OK I understand the IOWR inefficiency, and thanks for the new code. I don't think I would have been able to do that on my own so quickly... pointers and me tend not to go well together.
Now suppose I have a 2-D array of alt_u8 of size 4 x 10, which represents an image. Then I want to apply a convolution filter to it by 'sliding' a 3x3 window on it to collect 8 values each time to send to hardware to do its calculation. Is there a smart way to use pointers here also as data are already packed in memory in the correct order with this also. I could not apply your suggested way and ended up doing it your first way (see code below).
alt_u8 array_image; // fill in values
for(Y=0; Y<(4-2); Y++) {
for(X=0; X<(10-2); X++) {
// hardware calculation
IOWR_ALTERA_AVALON_PIO_DATA(DATAA_OUT1_32BITS_BASE,(array_image<<24)|(array_image<<16)|(array_image<<8)|array_image);
IOWR_ALTERA_AVALON_PIO_DATA(DATAA_OUT2_32BITS_BASE,(array_image<<24)|(array_image<<16)|(array_image<<8)|array_image);
// results back from hardware
store_array= IORD_ALTERA_AVALON_PIO_DATA(RESULTA_IN_8BITS_BASE);
}
}
I tried using the pointers method but am I right to say that I will need to re-assign 8 values to the alt_u8 array8b inside the two for-loops at each iteration loop and hence require more cpu work?

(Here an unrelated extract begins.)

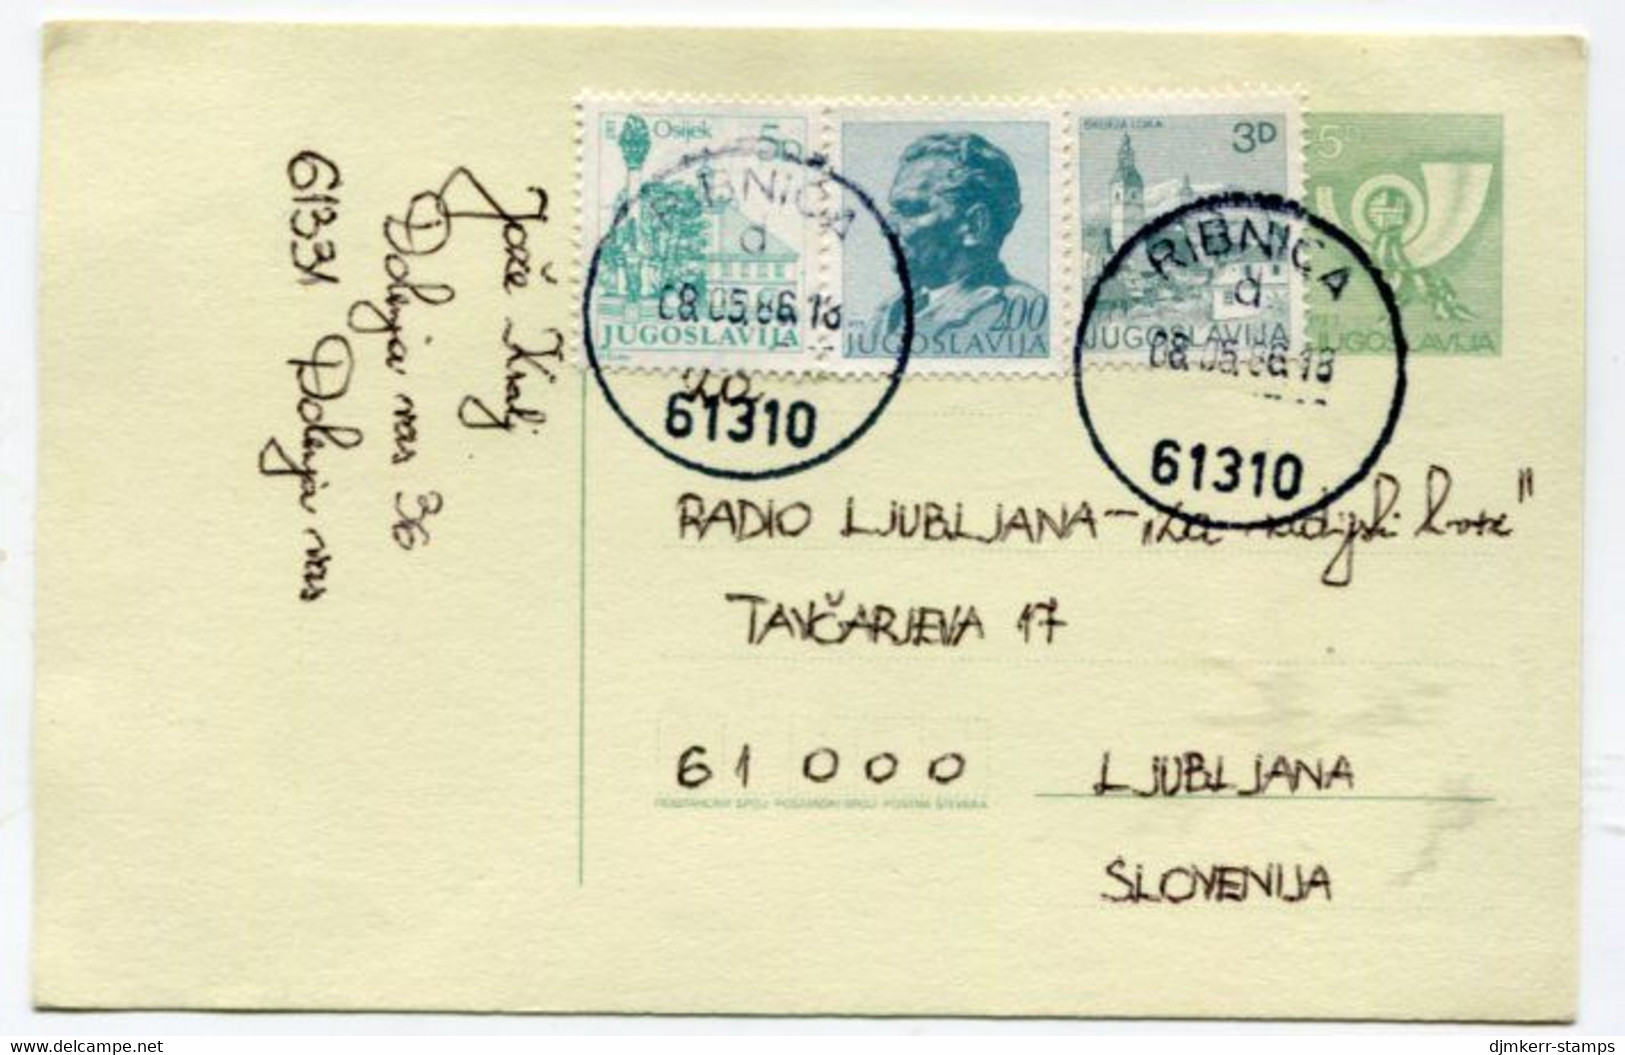 YUGOSLAVIA 1984 Posthorn 5 D. Stationery Card Used With Additional Franking.  Michel  P185 - Ganzsachen

I have new questions concerning IOWR.
-When I have two IOWRs sequentially as in my code above, do these two 'writes' happen at the same time, i.e. does the hardware module who is waiting fot the data get them all at once ?
- To increase calculation speed, my next step will be to instantiate 2 calculation modules in my top level .v file, and modify the for-loops such that my image is divided into 2 (i.e. 4x5 and 4x5), and data from each sub-image goes to its respective hardware module instantiation. To do this I will need another set of PIOs (2x32bits out and 1x8bits in). Is this the right way to do it? If keep dividing my big image into more sub-images e.g 4, do I add another 2 sets of PIOs? I will end up having many sets of PIOs if my image is bigger and I want to sub-divide more!
Is there a better way to transfer the data from NIOS to the different hardware modules? Another forum member has suggested to create a wrapper module for all my instantiations and create an Avalon MM to interface to the array, but I am completely lost! Can somebody please guide me a bit through this?